Все сенаторы очень хвалили мудрые слова Варрона и высокую должность, по совету того же консула Варрона, который по закону имел право назначать диктатора, был выдвинут патриций-консуляр Марк Юний Пера, который объявил, что назначает своим начальником кавалерии плебея Тиберия Семпрония Гракха.
Когда сенат разошёлся, до рассвета оставалось ещё три часа, и верховный понтифик Публий Корнелий Лентул, выйдя из курии, узнал, что минувшей ночью неизвестные злодеи с неясной, но явно преступной целью пытались проникнуть за ограду сада Весты.
Эта новость, а также известие о почётной встрече консула Гая Теренция Варрона стали в ту ночь предметом всеобщих обсуждений людей, столпившихся на форуме и площади Комиций, а также тех, кто с вечера засел в многочисленных полонах, кавпонах, термополиях, энополиях, ганеях и других злачных местах города.
Верховный понтифик быстро направился к храму Весты, чтобы справиться у максимы о всех подробностях совершенного святотатства и принять меры, которые предотвратили бы повторение столь горестного события.
Луций Кантилий, проблуждав всю ночь напролёт, вернулся на рассвете к себе домой, в окрестности Велабра, совершенно не зная, что делать для спасения Флоронии. На следующий день, к полудню, он пошёл к знаменитому врачу Аркагату, чтобы купить у него за хорошую цену тайное средство, которое — как он надеялся — могло бы навсегда скрыть от глаз весталок и верховного понтифика положение любимой женщины.

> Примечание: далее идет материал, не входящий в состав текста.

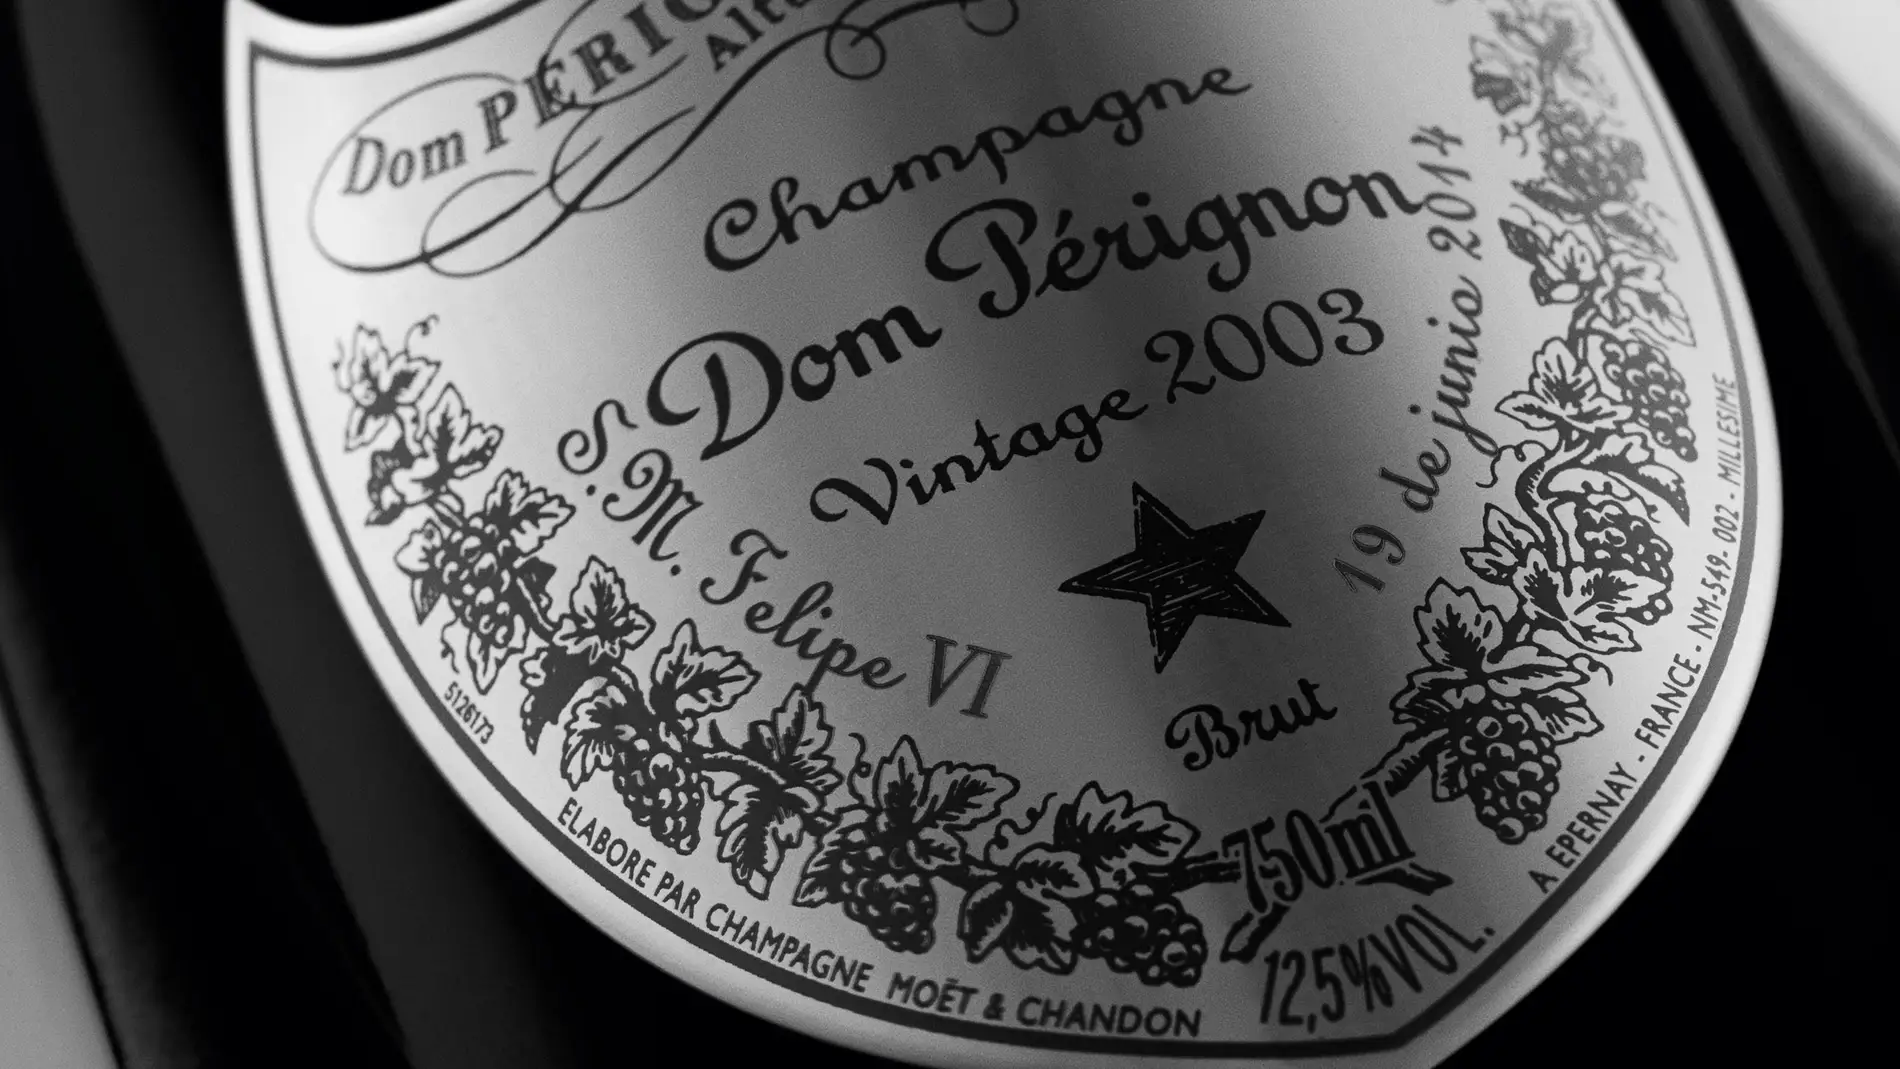 La nueva etiqueta de Dom Pérignon, dedicada a Felipe VI.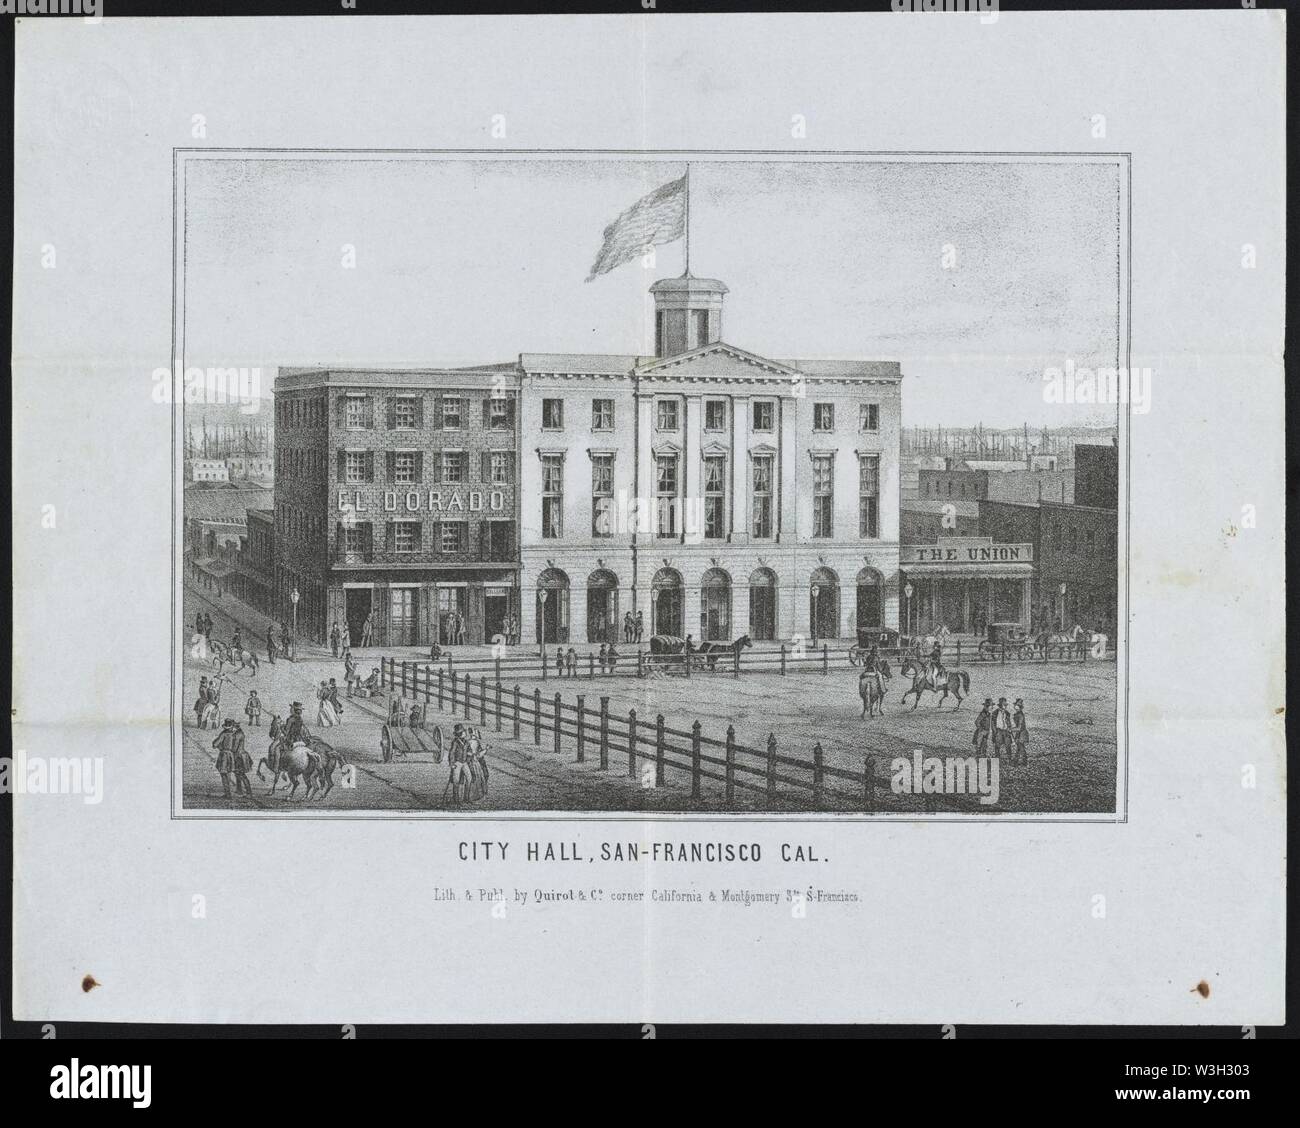 Rathaus, San-Francisco, Cal. - Lith. & Publ. Durch Quirot & Co., Ecke Kalifornien und Montgomery Sts., S. Francisco. Stockfoto

Потом он спустился на Форум и, встретившись кое с кем из своих друзей, узнал от них о прибытии консула Варрона и о таинственной попытке проникнуть в храм Весты.
При этой новости Луций Кантилий побледнел и, сильно волнуясь, попросил рассказать подробности.
— Не знаю я ничего, кроме того, что тебе рассказал, — ответил молодой патриций, к которому обратился Кантилий. — Знаю только, что пришли в ужас все те граждане Рима, кто чтит религию предков и верит в спасение родины, пенаты и палладий которой хранятся в храме Весты.
Кантилий склонил голову, помрачнел и сделался задумчивым.
— А если те, кто пытался проникнуть в храм, нацелились не на похищение весталок, не на насилие над ними, а хотели украсть именно священный палладий? — сказал после некоторого раздумья старый всадник, друживший с отцом Кантилия.
— Да, они хотели украсть палладий, — рассеянно ответил Луций, всё ещё не выходивший из задумчивости.
— Да что ты об этом знаешь? — спросил кто-то.
— Кантилий, ты, может, что-то знаешь? — добавил другой.
— Скажи нам, что тебе известно... Может, ты знаешь этих святотатцев или догадываешься, кто бы мог это сделать? — попросил третий.
Вопросы эти, раздавшиеся одновременно и поспешно, привели Луция Кантилия в себя, и он понял, что поступил очень неосторожно.
Молодой человек покраснел, вздрогнул и, плохо скрывая смущение, скорее забормотал, чем стал отвечать:
— Но... я ничего не знаю. Я... говорил... сказал так, потому что мне кажется более естественным, чтобы злодеи проникли в храм Весты за святынями, там хранящимися, а не из-за весталок, их стерегущих.
— Значит, враги уже проникли в самый Рим? — спросил, заметно бледнея, старый всадник.
— А если ты что-то знаешь, то почему не бежишь к верховному понтифику, к претору, чтобы рассказать о виновных?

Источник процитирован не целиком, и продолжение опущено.